The legislation, sponsored by Sen. Will Kraus, R-Lee’s Summit, contains AIM’s priority legislation, a phased-in 50 percent business tax deduction by 2016. The act also exempts $25,000 of corporate income from taxation. The bill also lowers the individual and corporate state income tax by .75% over a five year period beginning with tax year 2014. The maximum tax

Sen. Will Kraus

Sen. Will Kraus

rate on corporate income would be 5.5 percent for all tax years beginning on or after January 1, 2018. At that time, the personal tax rate would be limited to 5.25 percent.

Also phased in over a five-year period will be a raise in the state sales and use tax, from 4 percent to 4.5 percent.

“The corporation income tax rate cut is not as much as we recommended in our bill,” said McCarty. “The bill also reduces taxes for individuals, and because it reduces the rate on individuals, it’s very expensive.”

Hence the raise in the state sales and use tax, which has triggered a negative response from Governor Nixon.

“We would prefer to eliminate that altogether,” said McCarty.

McCarty favors reducing the taxes on business income alone, or the approach of State Representative T.J. Berry, R-Kearney, in House Bill 253, which sets Missouri on a schedule to reduce business taxes by 50 percent over a five-year period, but only if state revenues continue to grow. That bill currently sits on the calendar of the House Rules Committee.

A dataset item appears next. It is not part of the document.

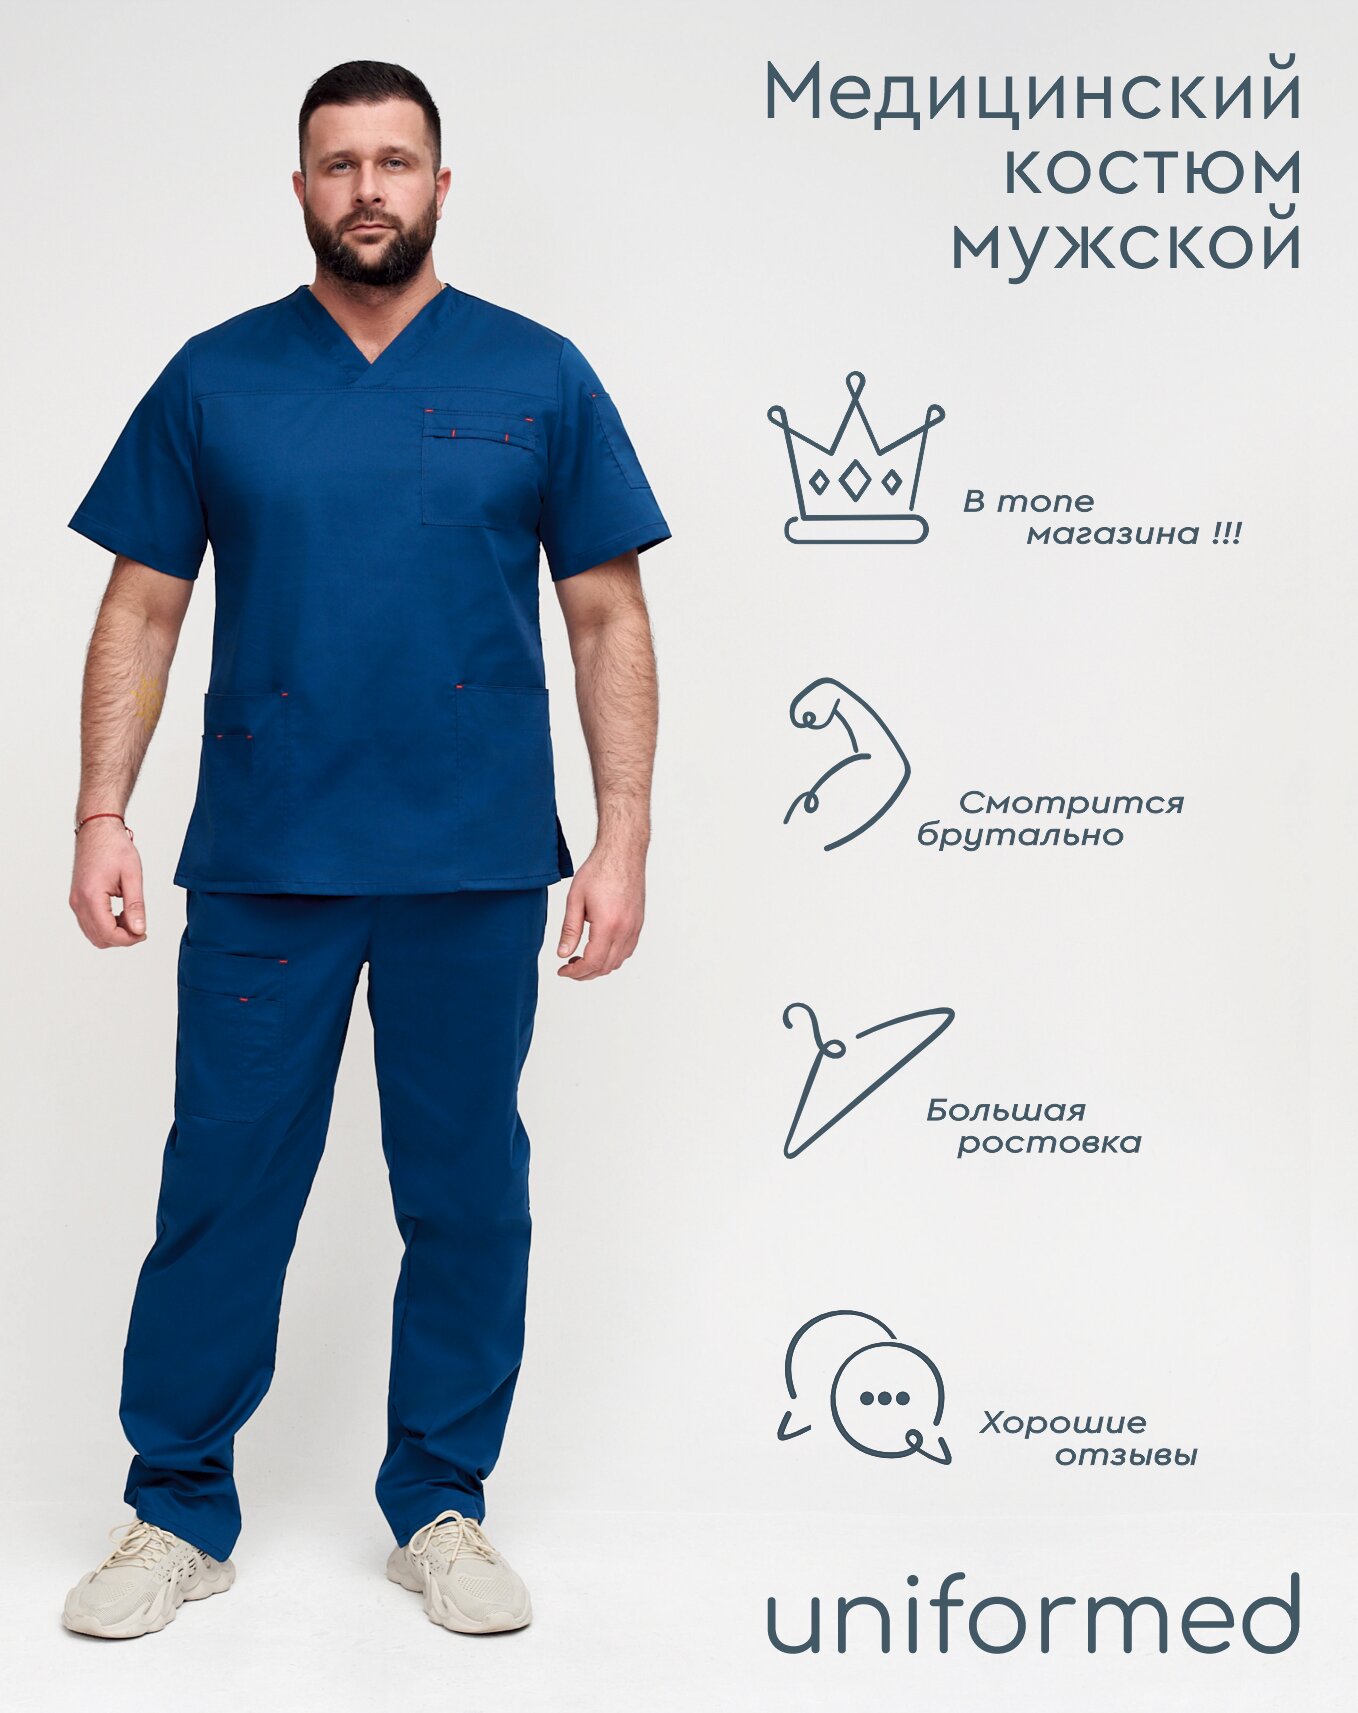 Медицинский мужской костюм 385.4.4 Uniformed, ткань сатори стрейч, рукав короткий, цвет синий, отделка красная, рост 188, размер 58

McCarty says Senate Bill 26 is a very broad look at the way taxes work in the state of Missouri. On the Senate floor Tuesday, Kraus described his bill as a shift in philosophy away from income based taxes to consumption based taxes.

“We do still have to look at what the impact of that might be,” said McCarty. “The jury is still out on whether the sales tax increase is something that we would trade for the reductions in corporate income tax. It’s something we’re trying to find out from our partners where they stand with that.”

McCarty says there is still time in the legislative session to work on Senate Bill 26 as it works its way through the legislative process. The bill is now in the hands of the House of Representatives, and McCarty says the bill is not the finished product yet.

“The way the Senate finished the bill is not the final chapter in the bill,” said McCarty. “And we will continue to work on the House side to improve it. The Senate moving the bill on to the House is a good first step.”